Assume you have a set of $n$ independent random variables $X_1, X_2, \dots, X_n$ with unknown distribution and mean (finite) values $\mu_1, \mu_2, \dots, \mu_n \in \mathbb{R}$. Moreover, there are $n$ known probabilities $p_1, p_2, \dots, p_n$ with $p_i > 0$ and $p_1 + p_2 + \dots + p_n = 1$. Upon it, we construct a random variable $X$ defined as: $$X = \begin{cases} X_1 & \text{with probability }p_1\\ X_2 & \text{with probability }p_2\\ \dots\\ X_n & \text{with probability }p_n \end{cases}$$ So, basically speaking, $X$ (which also has an unknown finite mean $\mu$) takes the value from one random variable $X_1, X_2, ..., X_n$ with a certain probability.
We can create i.i.d. $k$ samples $x_1, x_2, \dots, x_k$ from $X$ and can calculate a confidence interval for the mean $\mu$, e.g., by using the Student's $t$ distribution.

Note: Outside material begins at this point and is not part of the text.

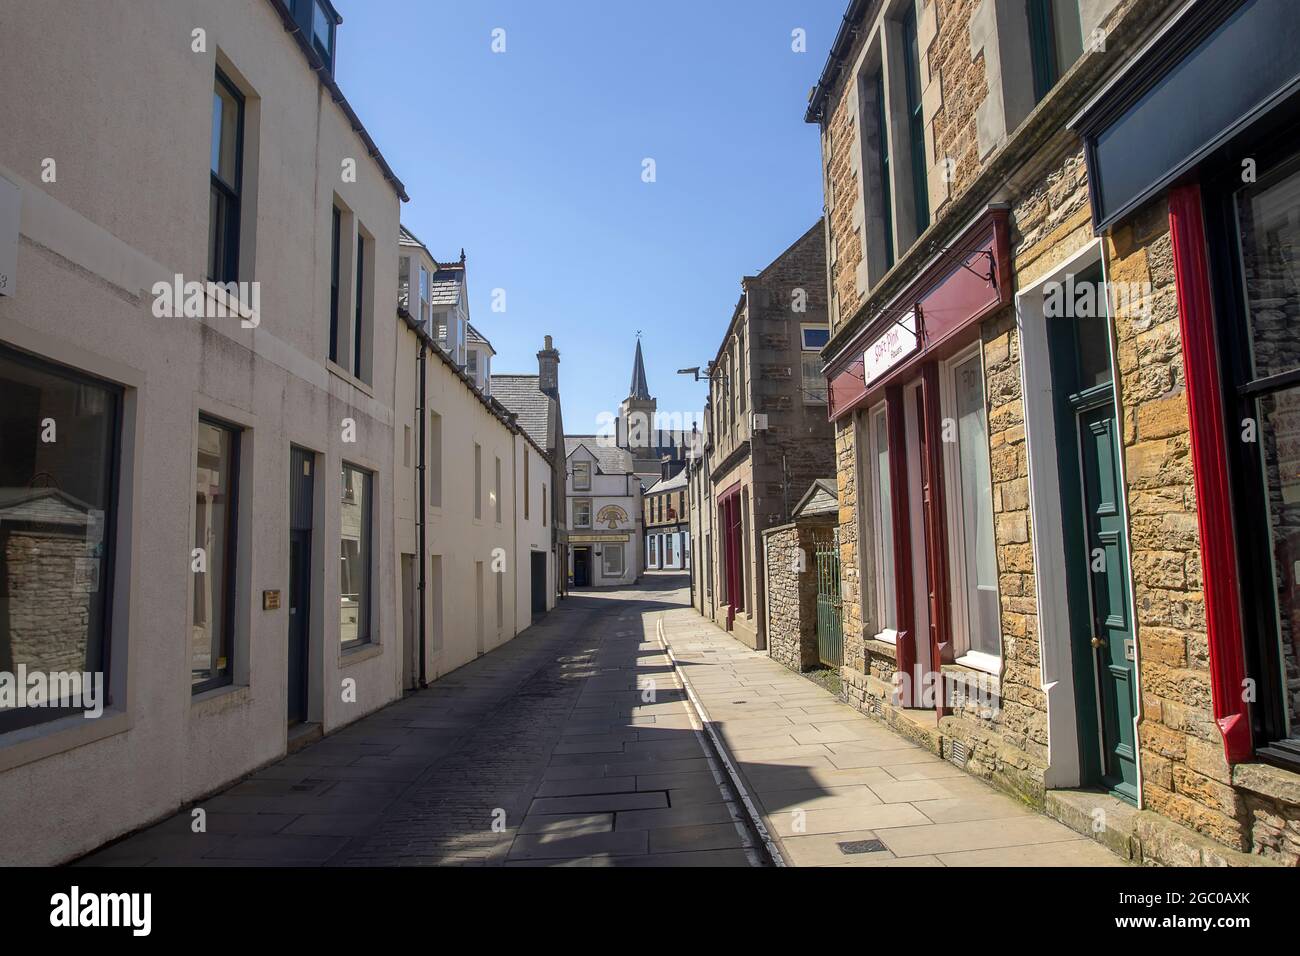 Buildings in the town of Stromness in Orkney, Scotland, UK Stock Photo

The question is now the following: Assume that we do not sample directly from $X$, but take $k_1$ samples from $X_1$, $k_2$ samples from $X_2$, and so on. We can calculate for each individual random variable $X_1, X_2, \dots, X_n$ the confidence intervals for the means $\mu_1, \mu_2, \mu_3$, but can we also compute for $X$ a confidence interval for the mean $\mu$ from these $k_1 + k_2 + \dots + k_n$ samples, as these are not i.i.d. samples for $X$ anymore?

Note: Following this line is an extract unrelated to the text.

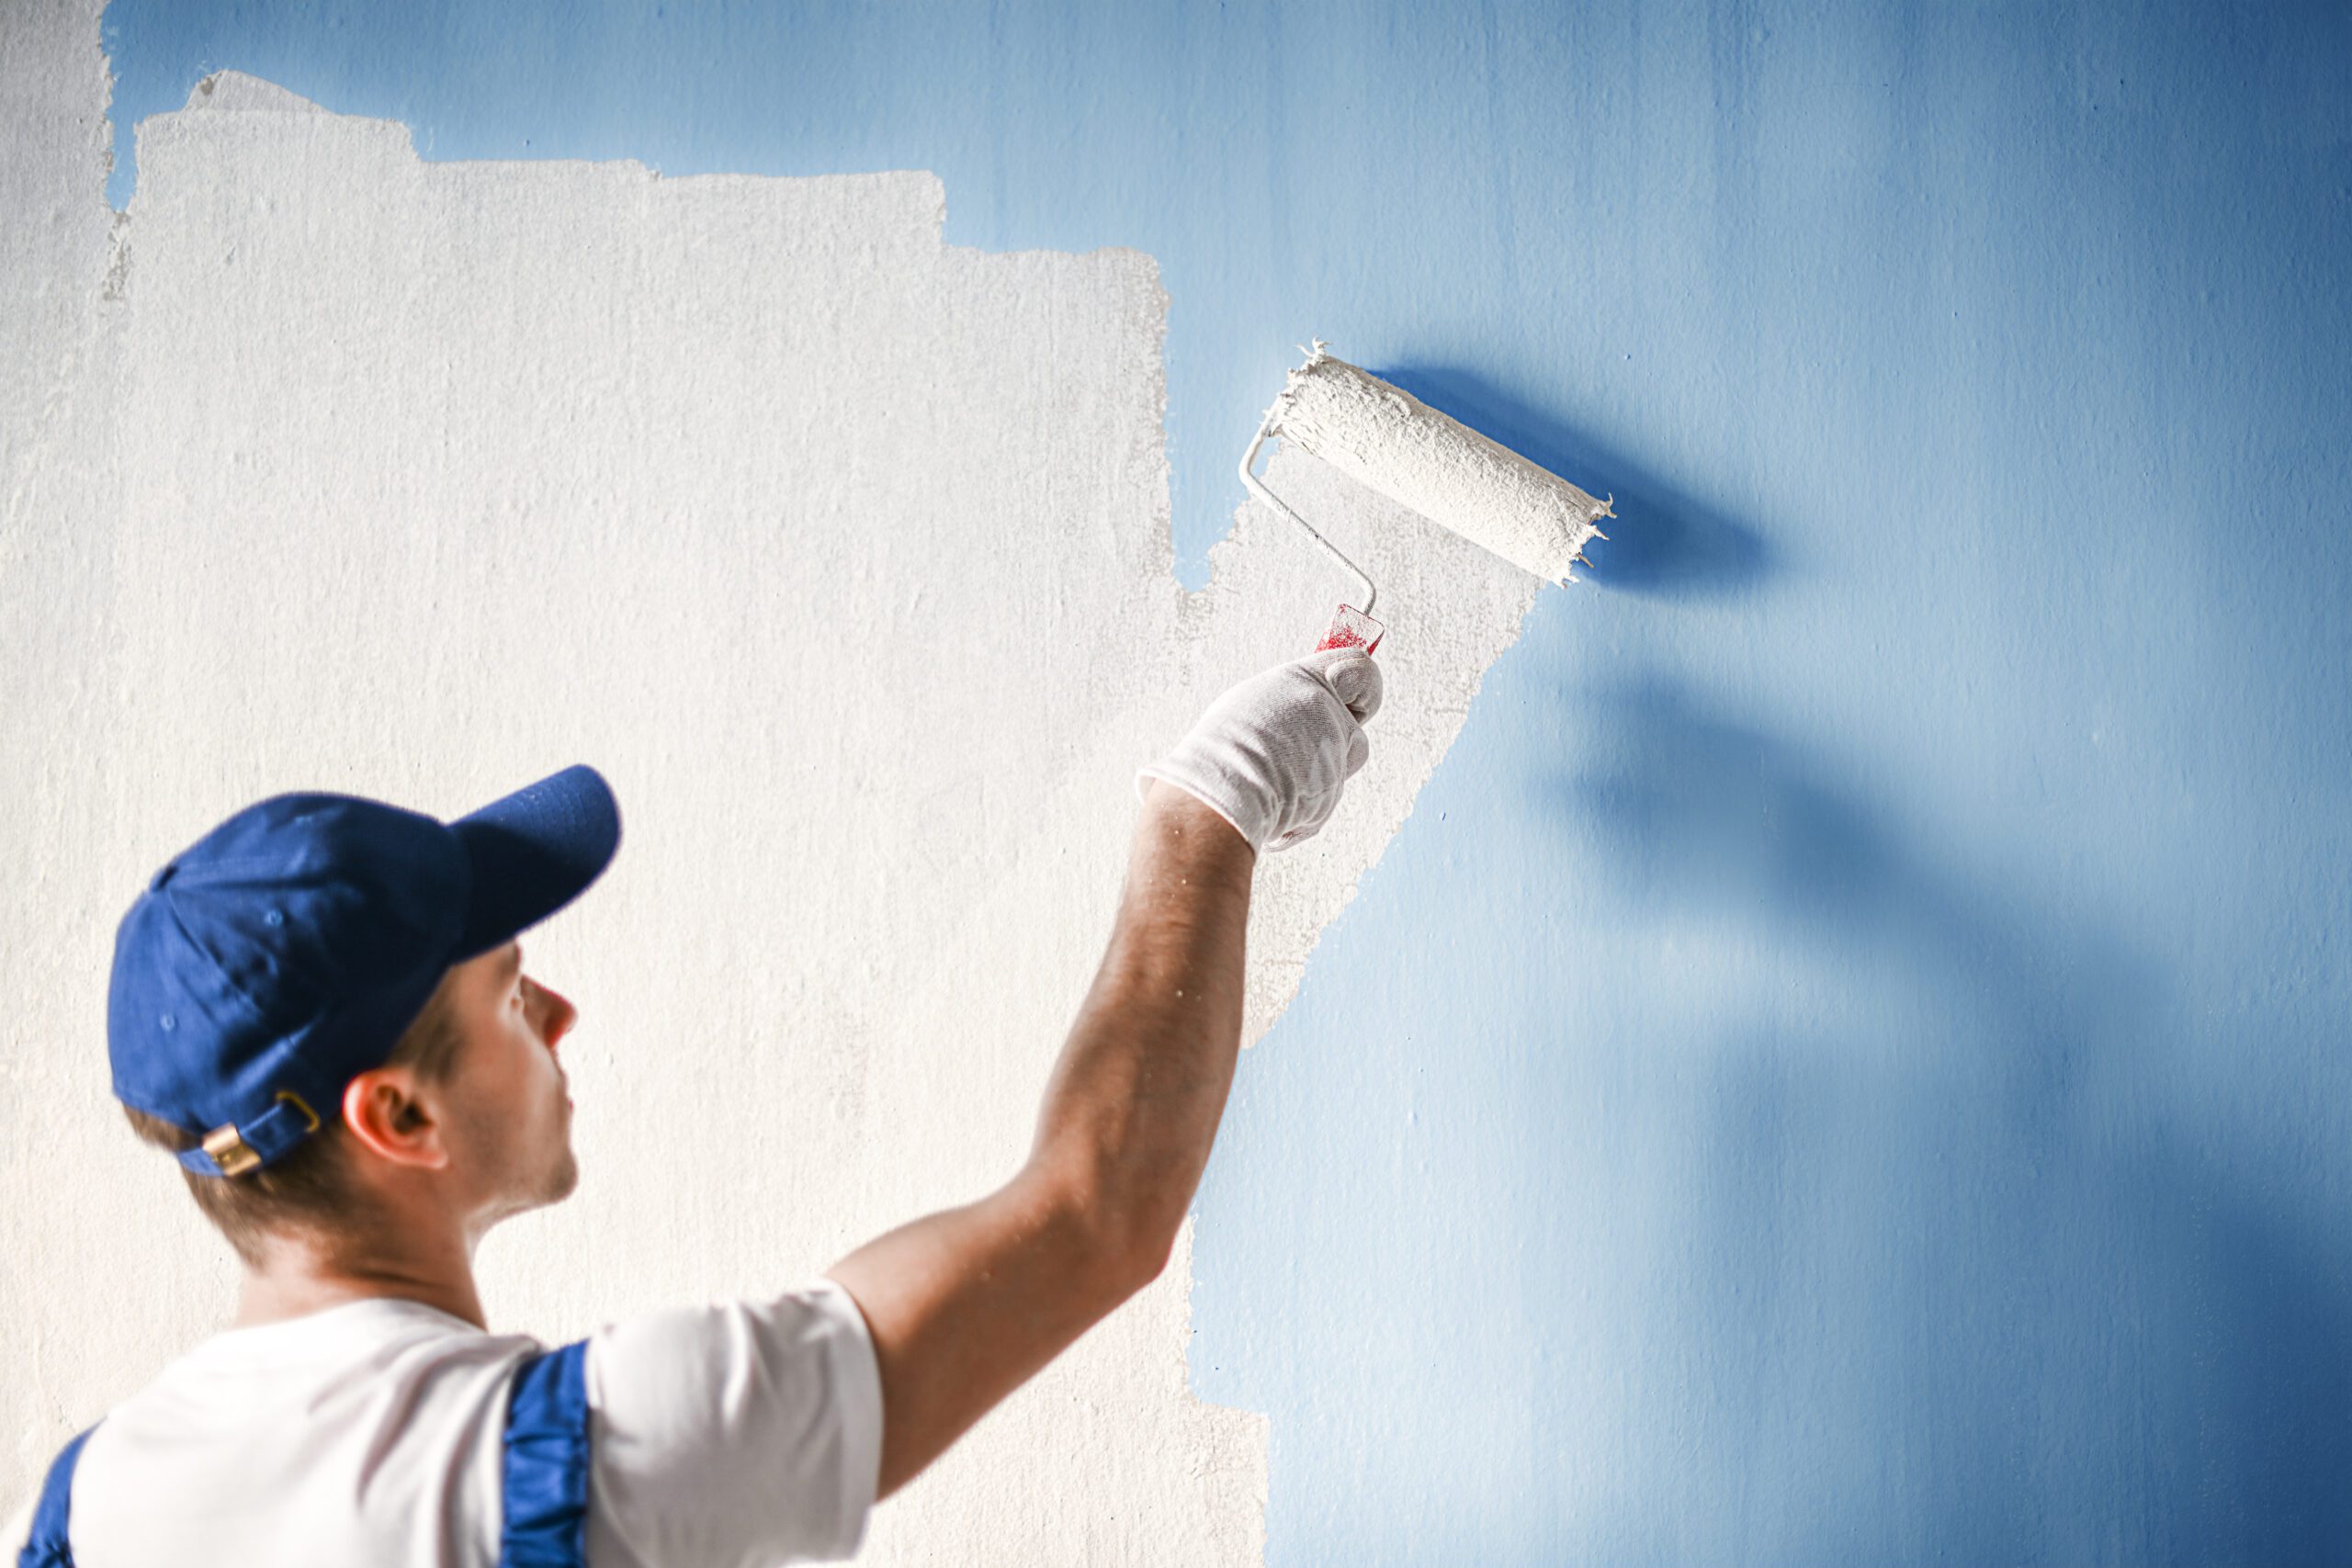 Paramount Painters, LLC is based in York, PA and serves the South Central Pennsylvania and Northern Maryland market for interior, exterior, and commercial painting services.

Example: We know beforehand that $n = 3$ and $p_1 = 0.2, p_2 = 0.4, p_3 = 0.4$. Furthermore, we assume that each $X_i$ is Bernoulli distributed with an unknown mean $\mu_i$, so it is either $0$ or $1$ with an unknown probability. When we sample directly from $X$, each sample is i.i.d., and we do not know if $X_1$, $X_2$, or $X_3$ is chosen as the underlying random variable, making it easy to construct a confidence interval for the mean $\mu$. When we sample directly each $X_i$ $2$ times, we could, e.g., observe: $X_1$: $x_{1,1} = 1, x_{1,2} = 0$, $X_2$: $x_{2,1} = 0, x_{2,2} = 1$, $X_3$: $x_{3,1} = 0, x_{3,2} = 0$. As the number of samples for each $X_i$ is now fixed, the samples are no longer i.i.d.